Every day Poets & Writers Magazine scans the headlines—from publishing reports to academic announcements to literary dispatches—for all the news that creative writers need to know. Here are today's stories:

Starting today, the Atlantic will release two short stories every month (inaugural offerings are by Christopher Buckley and Edna O’Brien) for sale exclusively through Amazon’s Kindle store (New York Times).

Lambda Rising—the oldest LGBT bookstore in Washington, D.C., and the progenitor of the nonprofit Lambda Literary Foundation—will close its two remaining locations by January.

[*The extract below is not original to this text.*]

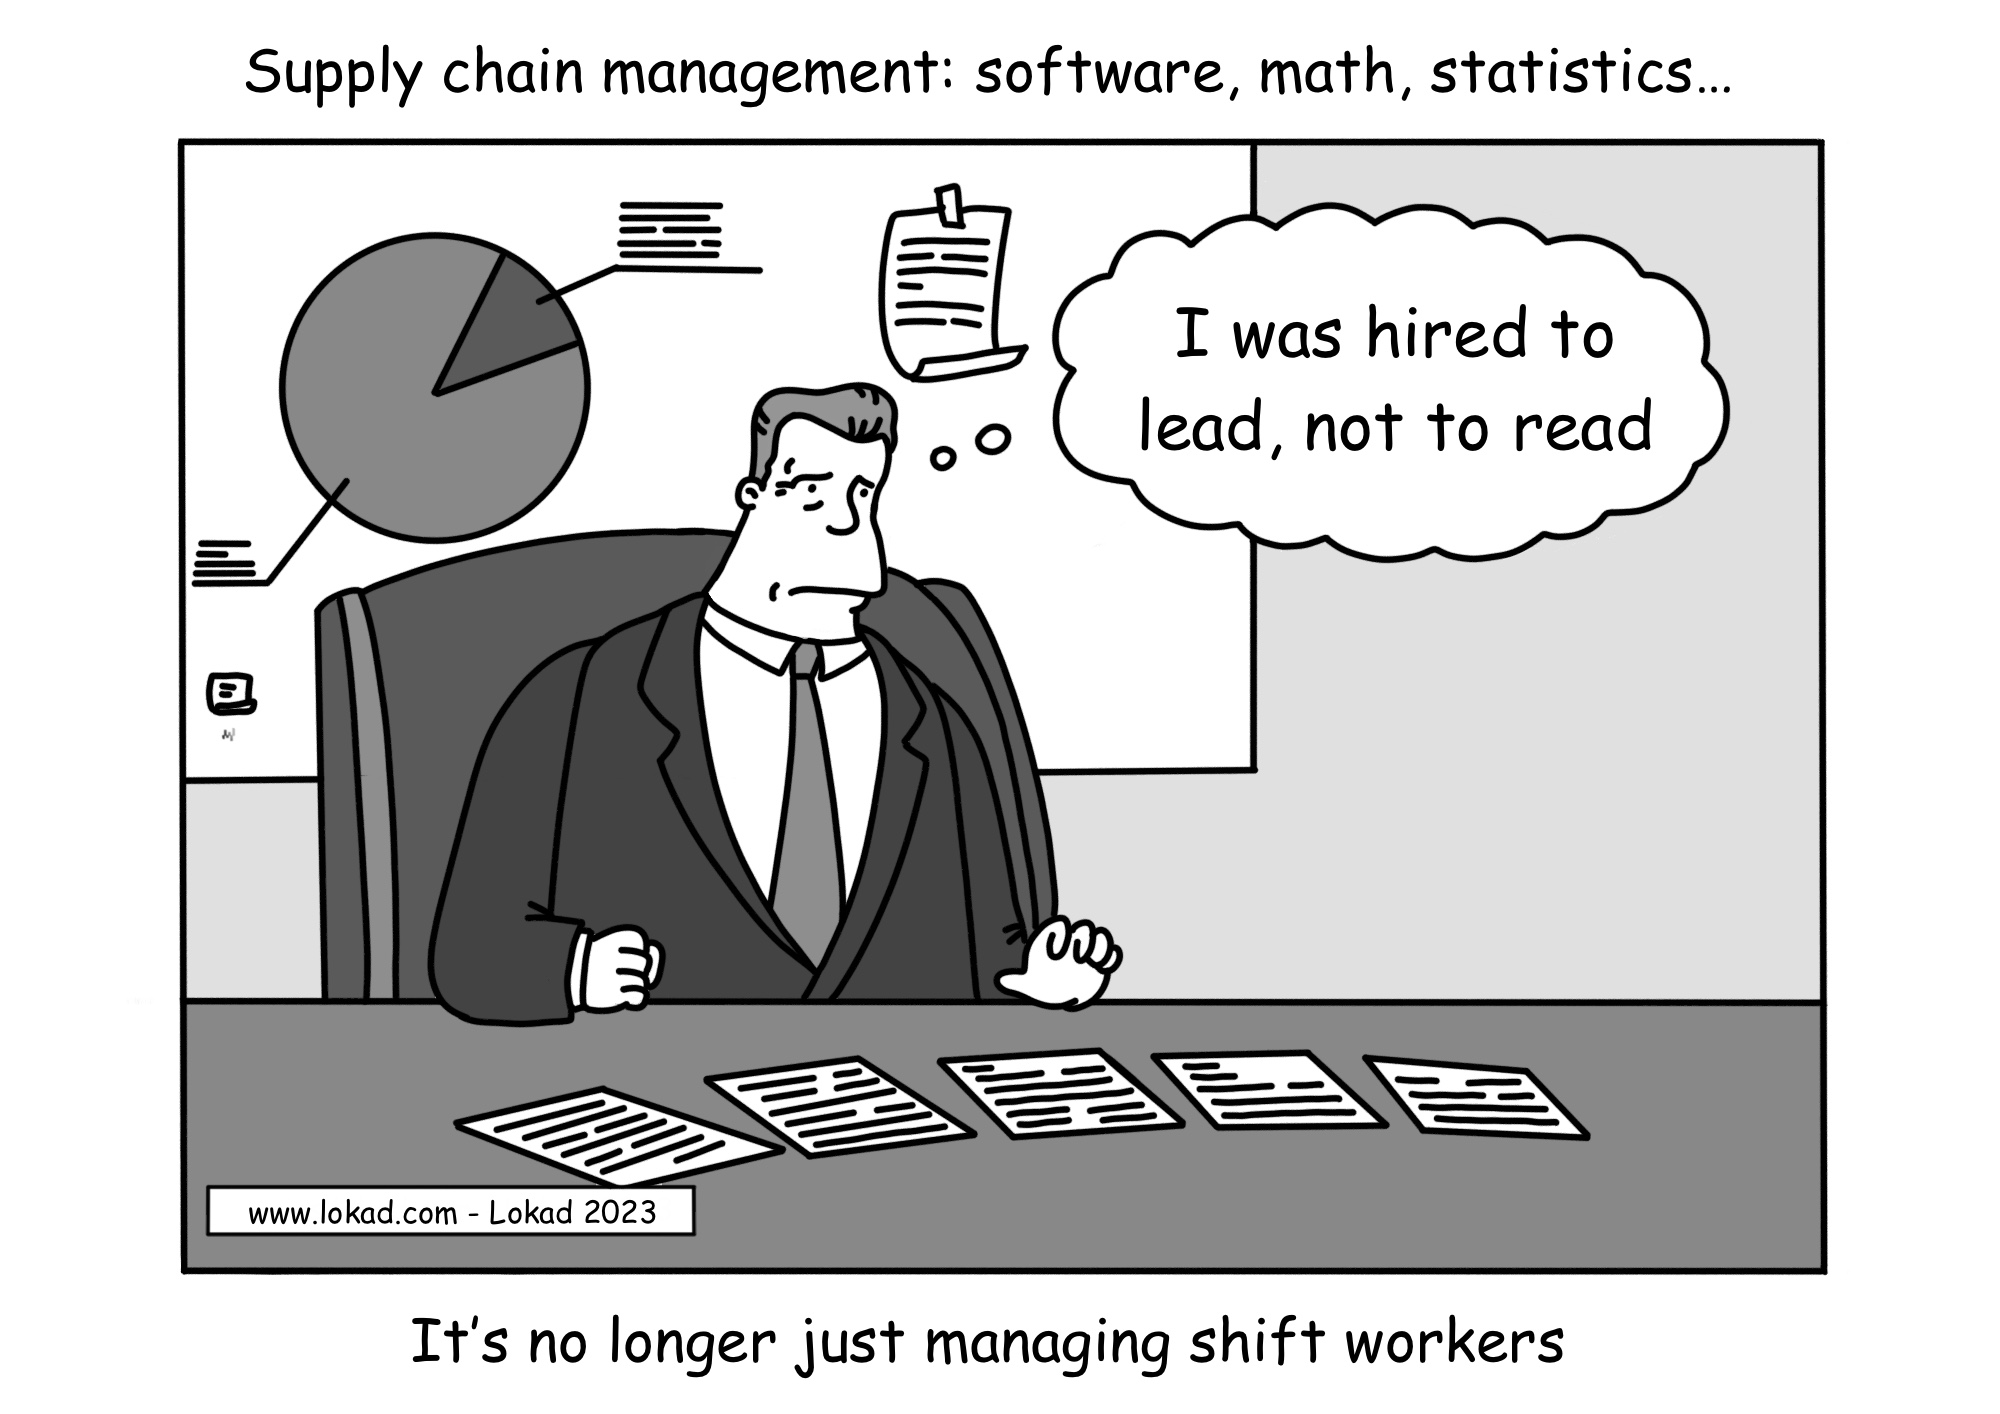 Supply chain management: software, math, statistics...

A handwritten poem by Edgar Allan Poe, the manual typewriter used since 1963 by Cormac McCarty, and a letter written by George Washington—which fetched over three million dollars—were among the record-setting literary sales chalked up by Christie’s last week (Associated Press). The auction house had harder luck with the manuscript of Vladimir Nabokov’s The Original of Laura, which was withdrawn from sale after bidding failed to approach the half-million-dollar expectation (Straits Times).

An Amazon spokesperson has denied rumors—reported yesterday by the Times of London—that the retailer is conducting a “secret search” for bricks-and-mortar locations (Press Association).

Online literary community Protagonize—which lets authors network and share writing—has passed the ten-thousand-member milestone.

The Ahmed Baba Institute—a library dedicated to preserving the often-neglected literary heritage of sub-Saharan Africa—has moved into a new, state-of-the-art facility in Timbuktu, Mali (BBC).

Plans for a joint digital venture are expected to be announced this week by News Corp., Time Inc., Conde Nast, Hearst, and Meredith (Financial Times).